上記の気体状モノマーの変わりに液体状モノマーを使用
する場合には、液体状モノマーの入った容器を外部から
加熱し、原料ガス導入管4よりペルジャー1内に導入す
ればよい。また、本発明ではモノマーの同伴ガスとして
アルゴン、水素、窒素等を加えてもよい。When a liquid monomer is used instead of the gaseous monomer described above, a container containing the liquid monomer may be heated from the outside and the monomer may be introduced into the Pel jar 1 through the raw material gas introduction pipe 4. Further, in the present invention, argon, hydrogen, nitrogen, etc. may be added as a gas accompanying the monomer.
上記のようなプラズマ重合装置を使用した場合の超伝導
体無機質粉体の表面に形成される薄膜構造及び成膜速度
に最適な条件は、真空度、出力電圧、モノマーの種類、
超伝導体無機質粉体の量等のプラズマ重合の操作条件を
変えることにより設定することが可能である。The optimal conditions for the thin film structure and film formation rate formed on the surface of superconducting inorganic powder when using the above plasma polymerization apparatus are the degree of vacuum, output voltage, type of monomer,
It can be set by changing the plasma polymerization operating conditions such as the amount of superconductor inorganic powder.
本発明は、前述したプラズマ重合法により超伝導体無機
質粉体の表面に熱融着性を示す高分子物質の薄膜を形成
した後、該超伝導体無機質粉体を所望の形状になるよう
ホットプレスやホントロール等の装置により加熱圧着を
施すことにより超伝導体成形物を作製するものである。The present invention involves forming a thin film of a polymeric substance exhibiting thermal adhesive properties on the surface of a superconducting inorganic powder by the above-mentioned plasma polymerization method, and then heating the superconducting inorganic powder to a desired shape. A superconductor molded product is produced by applying heat and pressure bonding using a device such as a press or a real roll.
なお、本発明でいう所望の形状とは平面状のシート状物
、曲面状のシート状物、凹型の容器状のもの等があり、
その具体的な手段としては、ホットプレスの場合は粉体
を連続的に平面プレートの上にさいちし、しかるのち加
熱圧着する。または治具を使ってシート状物にしたり凹
型にしたりする。また、ホ7)ロールの場合はあらかじ
め粉体を加熱し粒子間を融着状態にして加熱されたロー
ル間に粉体を連続供給し加熱圧着する。Note that the desired shape in the present invention includes a planar sheet-like object, a curved sheet-like object, a concave container-like object, etc.

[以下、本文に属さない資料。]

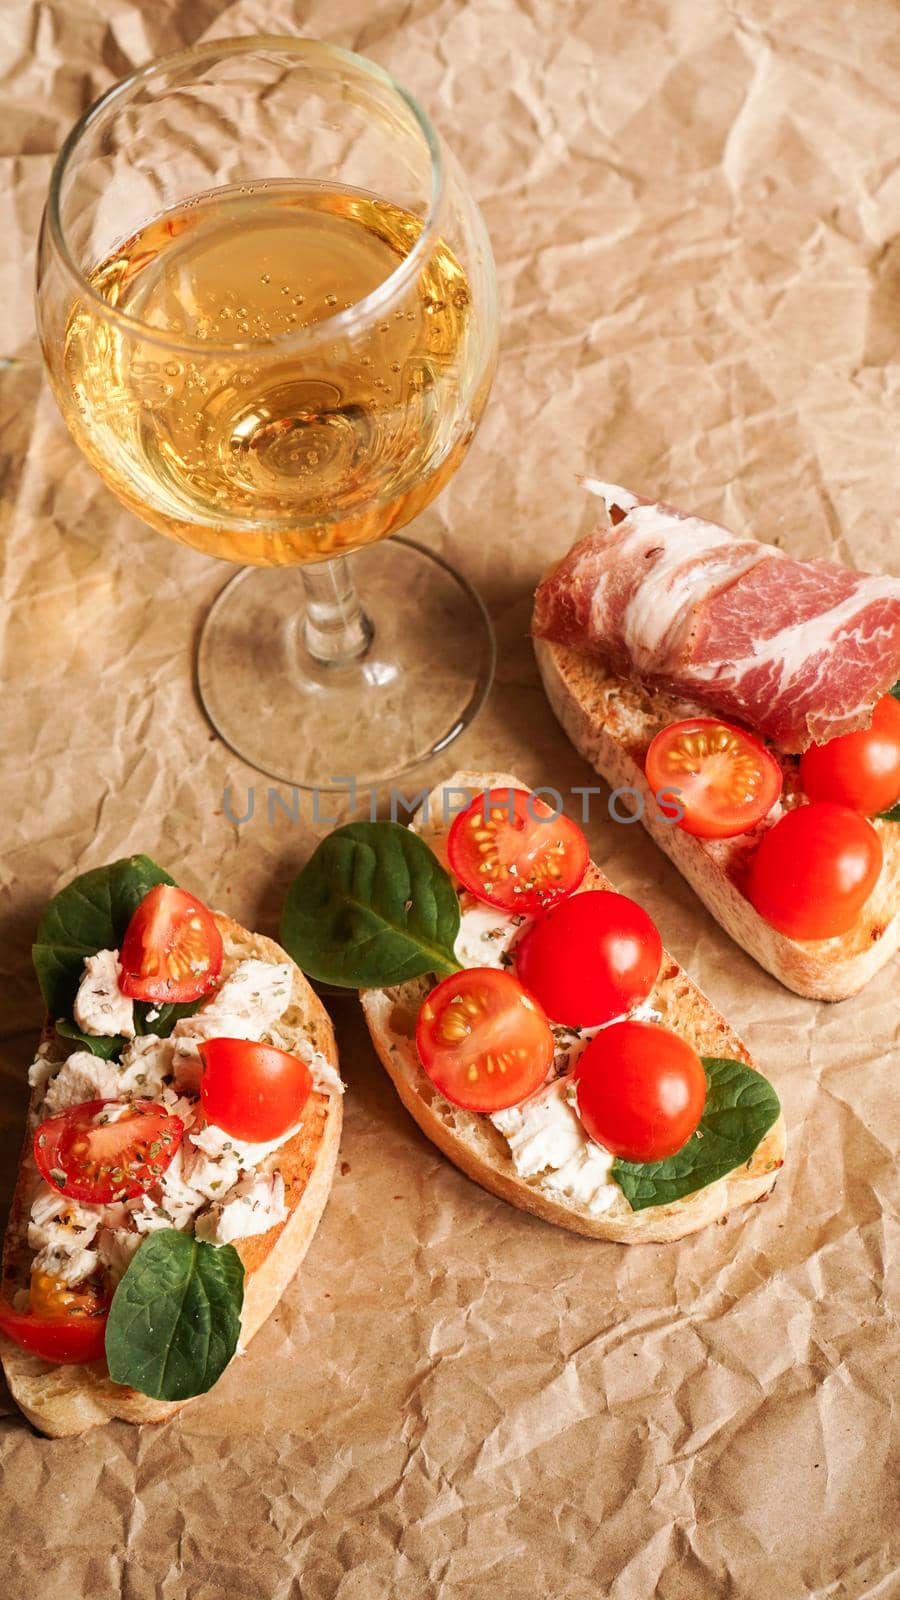 Bruschetta with cherry tomatoes. Wine glass, Italian appetizer. Craft paper background. Picnic concept

As a specific method, in the case of hot pressing, powder is continuously placed on a flat plate and then heated and pressed. Or use a jig to make it into a sheet or concave shape. In addition, in the case of e7) rolls, the powder is heated in advance so that the particles are fused together, and the powder is continuously supplied between the heated rolls and bonded under heat.
本発明の製造方法による超伝導体成形物は、プラズマ重
合法により個々の超伝導体無機質粉体の表面に熱融着性
を示す高分子物質の薄膜が形成される。したがって、個
々の超伝導体無機!粉体が結着しあうために非常に強固
な超伝導体成形物が得られる。In the superconductor molded article produced by the manufacturing method of the present invention, a thin film of a polymeric substance exhibiting thermal fusibility is formed on the surface of each superconductor inorganic powder by plasma polymerization. Therefore, individual superconductors inorganic! Because the powders bind together, a very strong superconductor molded product can be obtained.
また、本発明の製造方法は粒子間の結着機能を有する高
分子物質の薄膜が極めて薄いために超伝導体無機質粉体
が超伝導体成形物中に高密度充填化される。したがって
、一つの固体からなる超伝導物と同様な強い反磁性効果
が得られる。Further, in the manufacturing method of the present invention, since the thin film of the polymer substance having the binding function between particles is extremely thin, the superconductor inorganic powder is densely packed into the superconductor molded product. Therefore, a strong diamagnetic effect similar to that of a single solid superconductor can be obtained.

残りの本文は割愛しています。